Steps taken to counter the pandemic at the federal level continue to “embed within them” discriminatory policies that excludes minorities, added Saenz.
Recent legislation excluded largely undocumented workers from receiving economic stimulus checks because they pay taxes with an Individual Taxpayer id number. As a result, comments Saenz, every member of their families (including US citizen spouses and children) are also excluded .
“We know that that exclusion has a racially discriminatory impact particularly on Latin and Asian American communities,” said Saenz. The Department of Education under Betsy DeVos provided advice with clear racially discriminatory intent that prevents some immigrant students from receiving relief from federal allocated emergency financial aid that other students got.
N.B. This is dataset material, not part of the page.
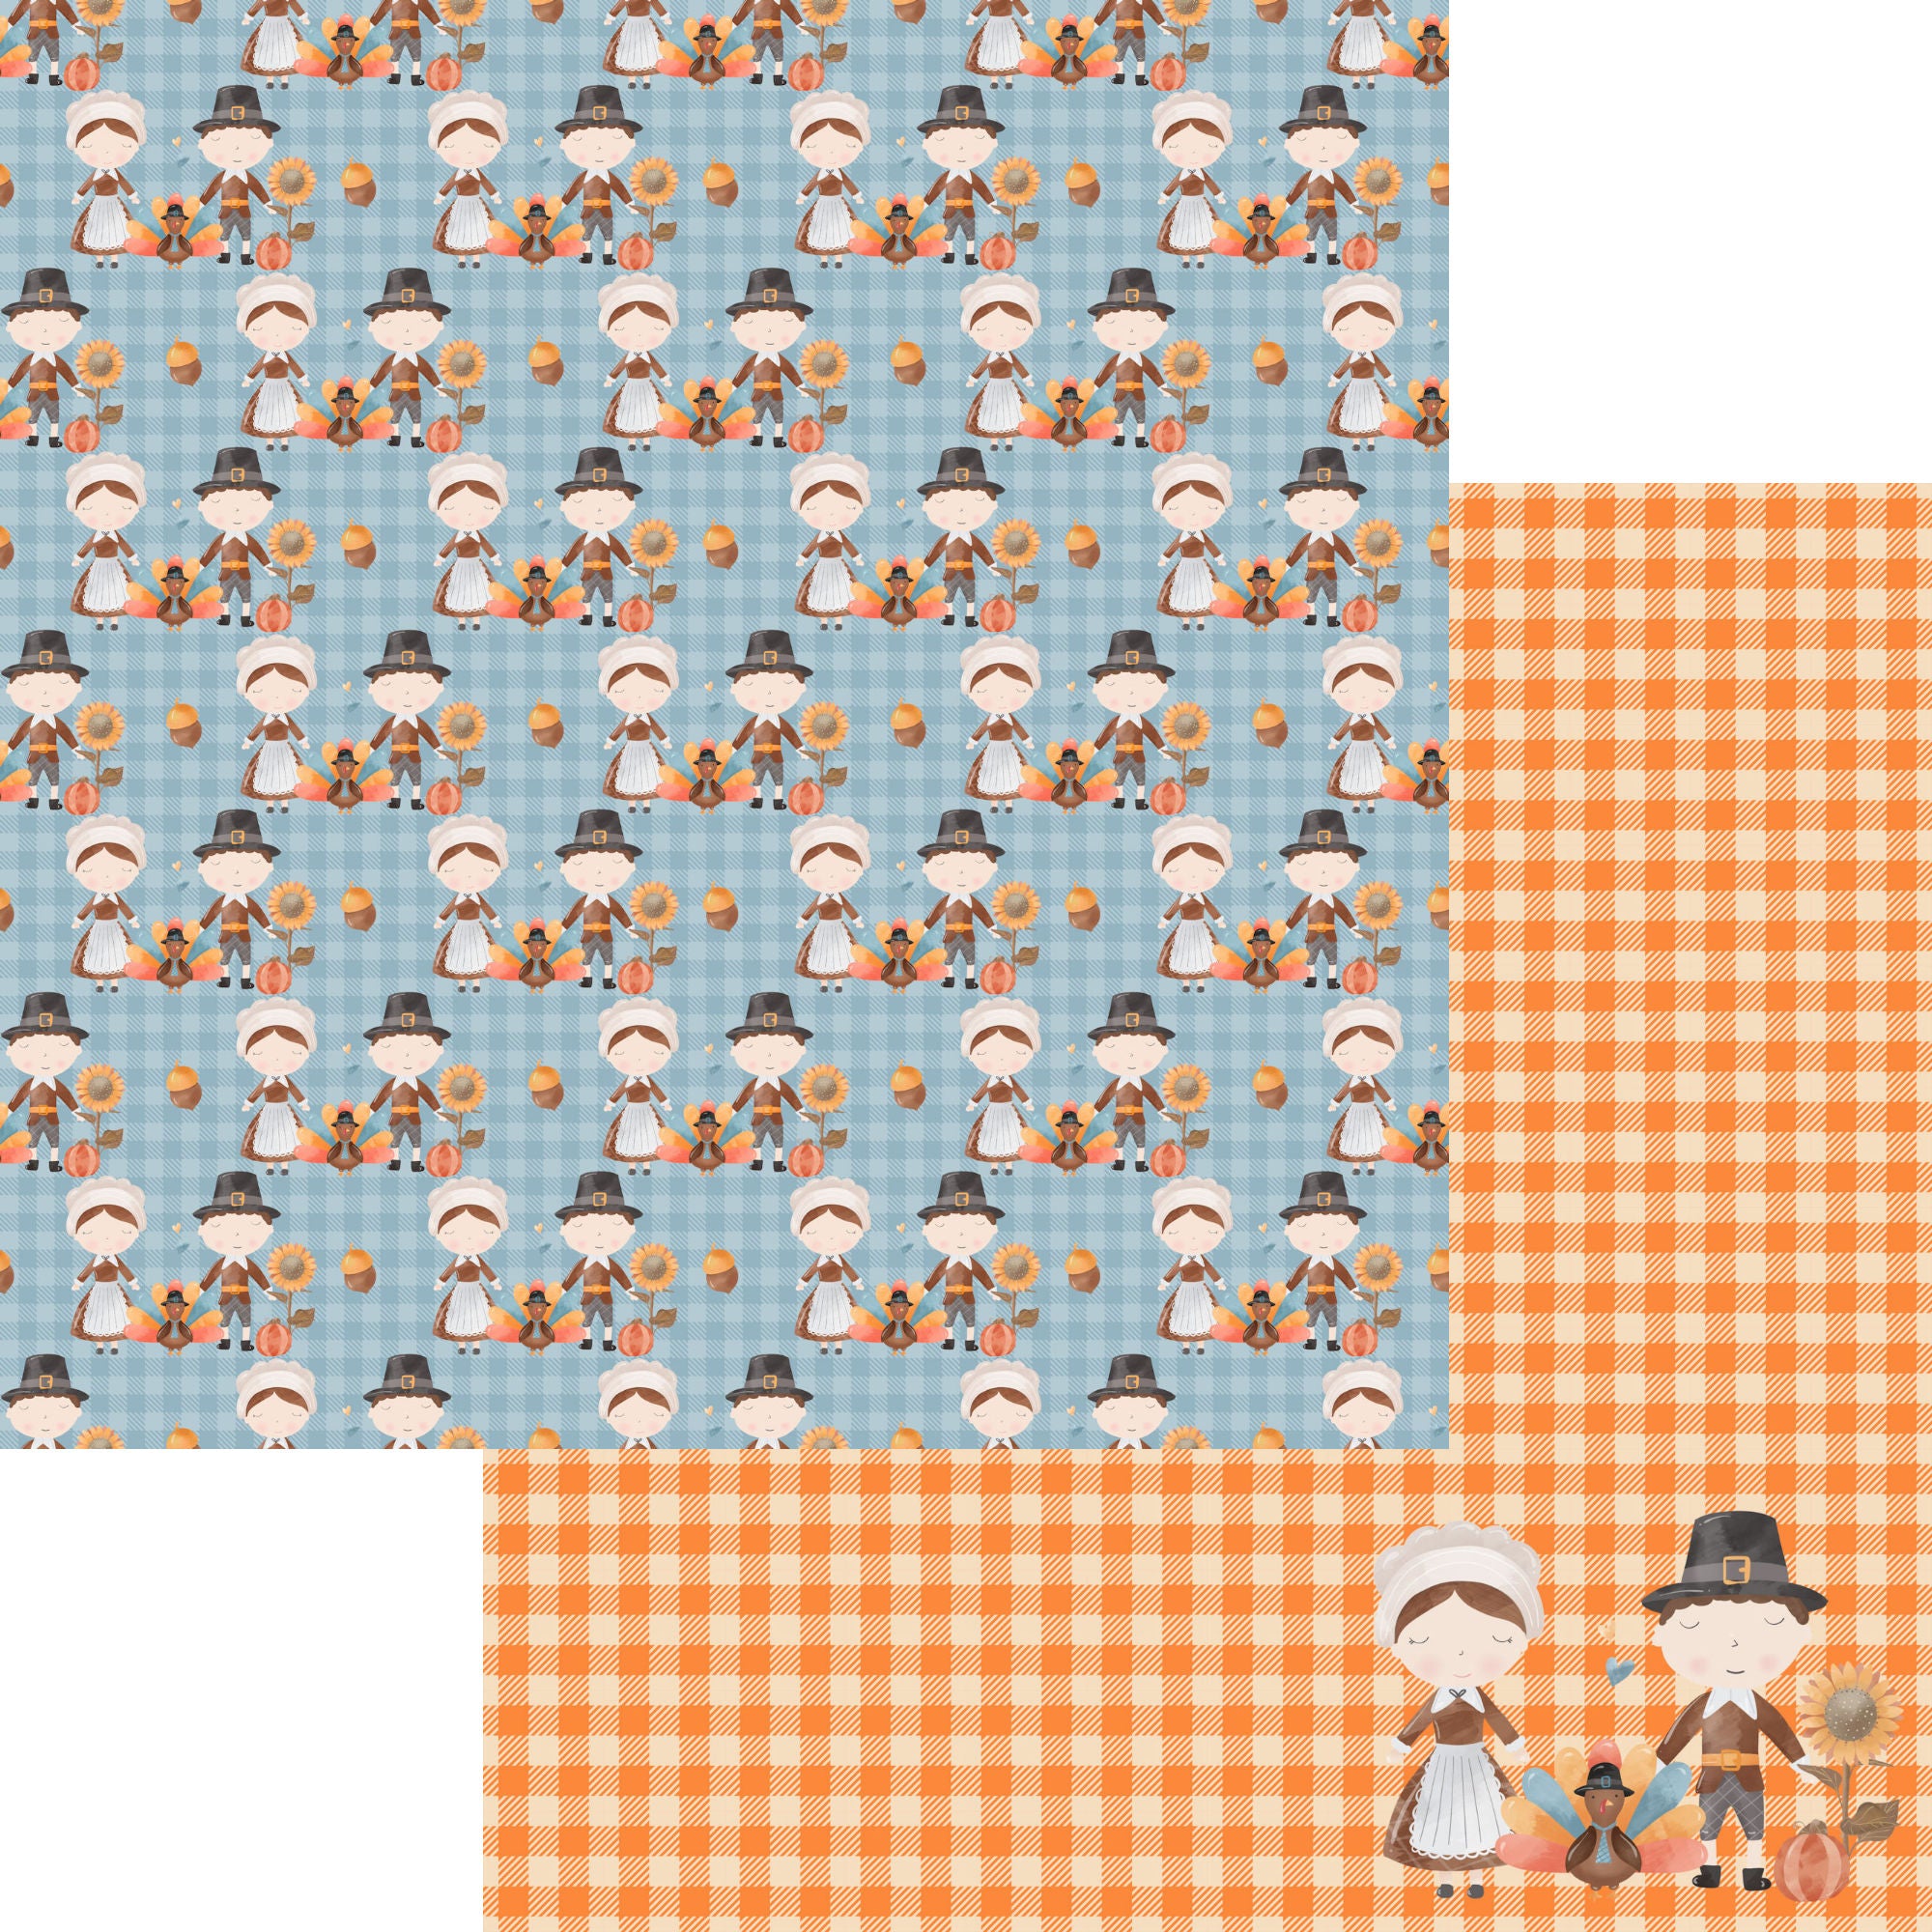 Give Thanks Collection Pilgrim Party 12 x 12 Double-Sided Scrapbook Paper by SSC Designs

Exclusionary practices with clear racially discriminatory impact, dehumanize people of color and demonize protestors who have “risen in righteous indignation against George Floyd’s murder,” said Saenz.
As the economy recovers and jobs are restored, “We will see longstanding patterns of discrimination recur,” said Saenz. “White employees will be hired back first while African, Latino and Asian Americans will be hired later on.”
He cautioned that, “With these crises we are doing what we have too often done. We are continuing, perpetuating and lengthening our acceptance of ongoing discriminatory exclusions “because we cannot attribute them to blatant racism “even though we know they are driven by racist ideology.
This is a problem that will feed into the response and recovery of these crises, said Saenz.